Expert, Blue Zone researcher and writer Dan Brutner spoke about the eating habits of super-centenarians and named their menu. The role of small fish in people’s longevity and why centenarians prefer it over meat was revealed in the article Eat This, Not That!

Brütner and colleagues from the US National Institute on Aging have long explored the so-called “blue zones”, where the largest number of centenarians is concentrated: Okinawa in Japan, Sardinia in Italy, Nicoya in Costa Rica, Ikaria in Greece and Loma Linda in California in the USA. After studying all aspects of the life of people who have reached the age of 90 and 100, the researchers came to the conclusion that a special diet plays a major role in their lives. For example, centenarians often give up meat in favor of small fish and vegetables.

They found that the first rule of eating in the Blue Zone is: eat less meat. Brütner found that most people in the Blue Zones eat no more than five meals a month and eat no more than 56 grams at a time. Long-livers receive the protein they need from fish and plant sources.

He also found that blue zone centenarians prefer to eat small rather than large fish – sardines and anchovies. Small fish tend to have lower levels of mercury than large, long-lived fish. Centenarians eat an average of about 85 grams of fish per week, according to the scientists’ report.

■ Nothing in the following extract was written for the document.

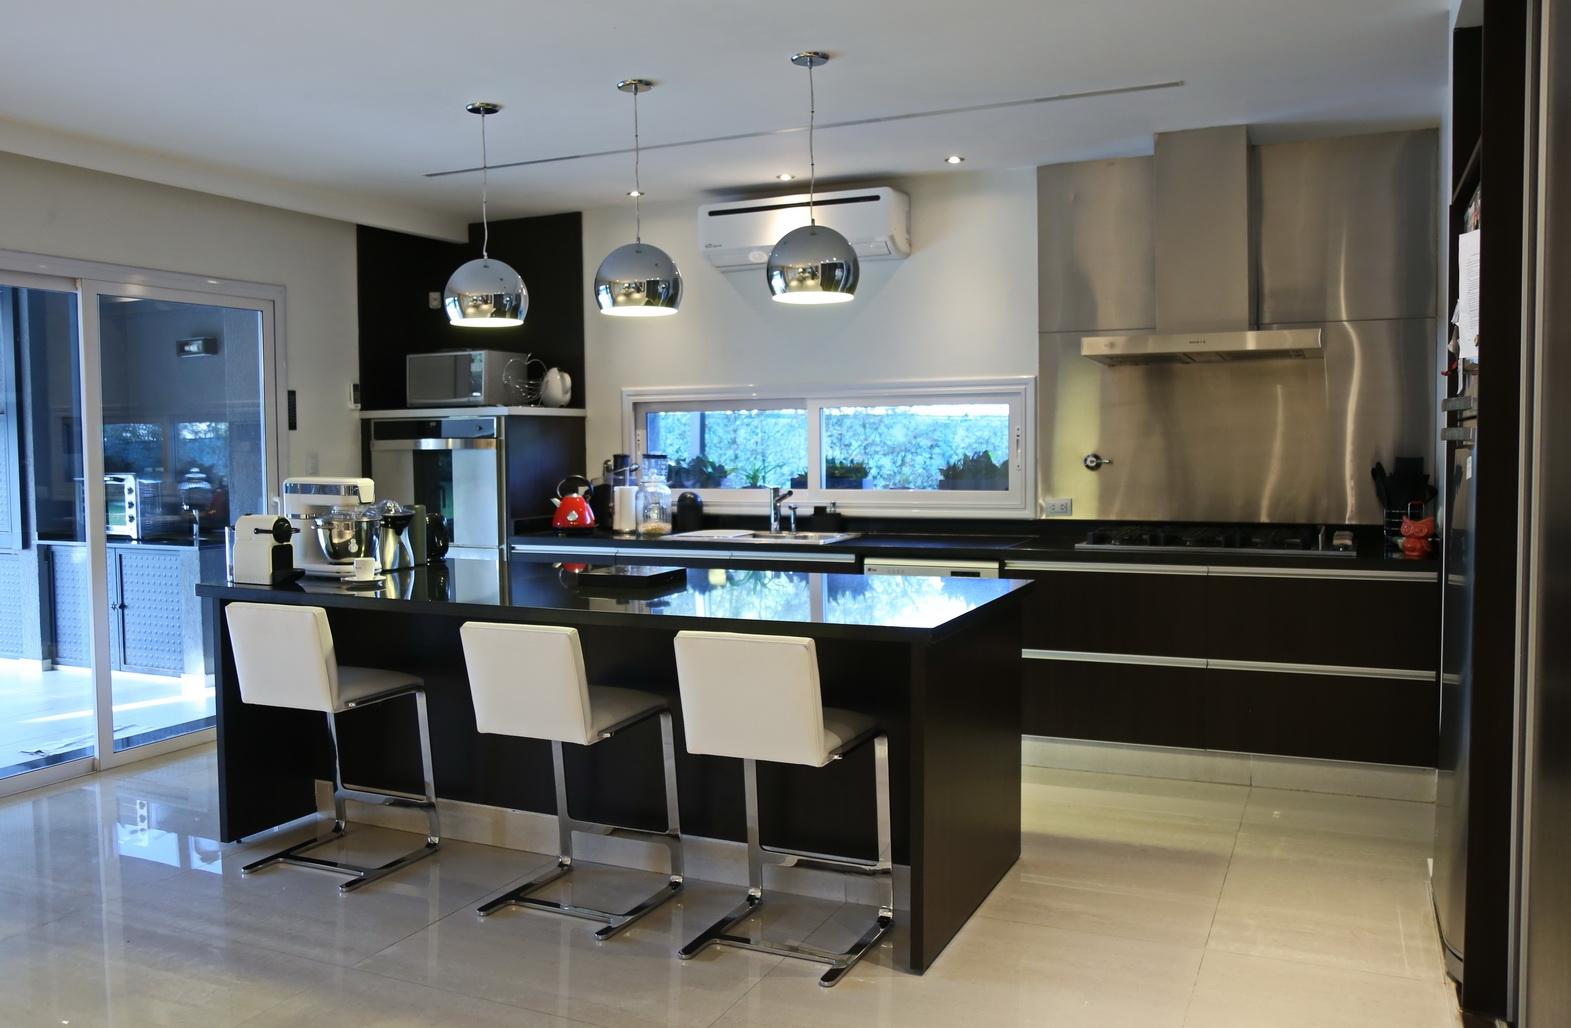 Revista estilo propio arquitectura y dise o arte y for Decoracion living comedor con cocina integrada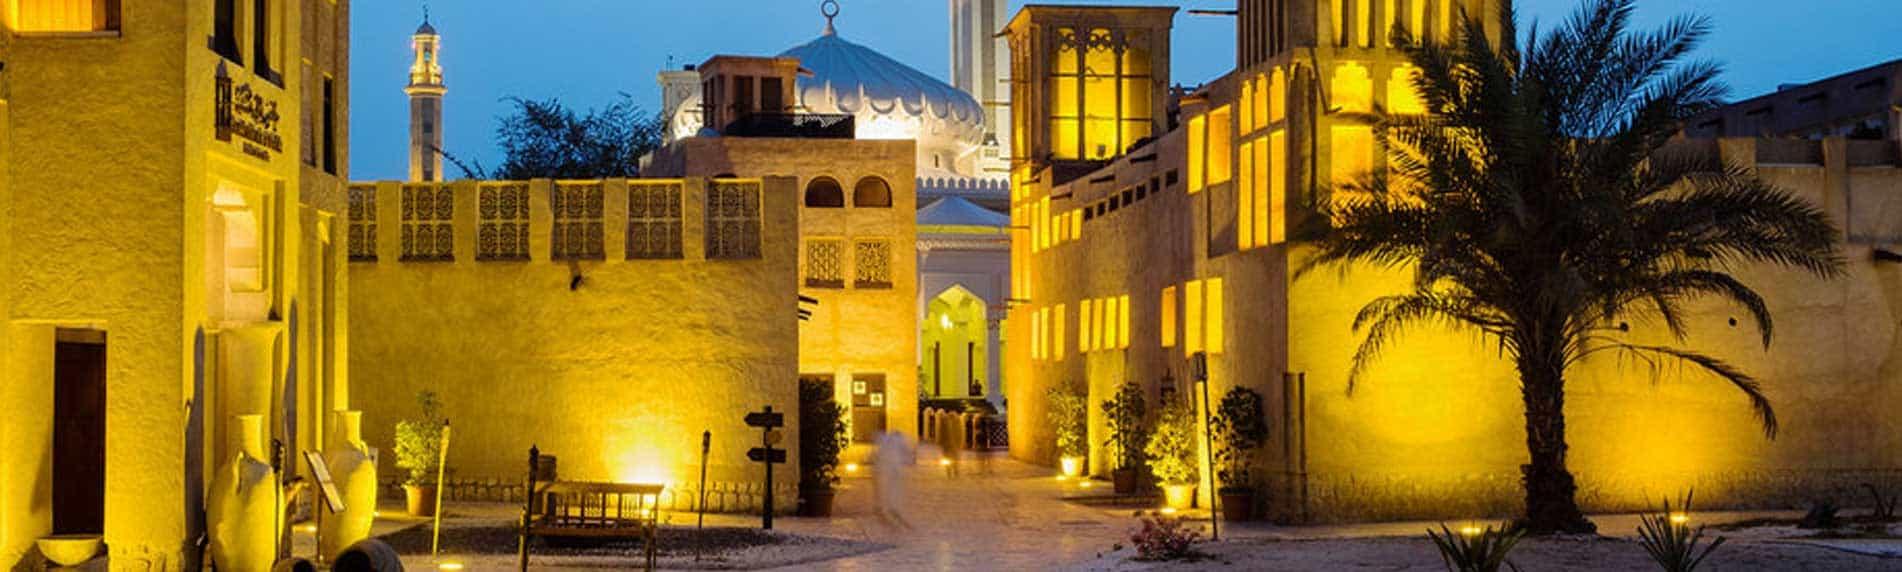 Cultural Dubai 4 Nights Package

The main emphasis in the diet of the inhabitants of the “blue zones” is on fruits, vegetables and legumes. They eat at least a cup a day of chickpeas and beans. According to studies, nuts play a significant role in the diet of centenarians. For example, the inhabitants of Ikaria and Sardinia snack on almonds, and centenarians in Nicoya prefer pistachios.

According to scientists, nuts contain a lot of fat, but these are mono- and polyunsaturated fats, which reduce the level of “bad” cholesterol. Brütner found that olive oil is another healthy product that is on the regular menu of the inhabitants of the Blue Zones. They pour it over salads and whole grain breads.

According to the researcher’s analysis, centenarians consume about five times less sugar than North Americans. They do not drink carbonated drinks, do not eat sweetened yogurt and other foods containing added sugars, and save sweets only for special occasions.

For drinks, centenarians in Italy and Costa Rica prefer pure water and coffee, and old people in Okinawa prefer green tea, rich in polyphenols and antioxidants that improve brain health.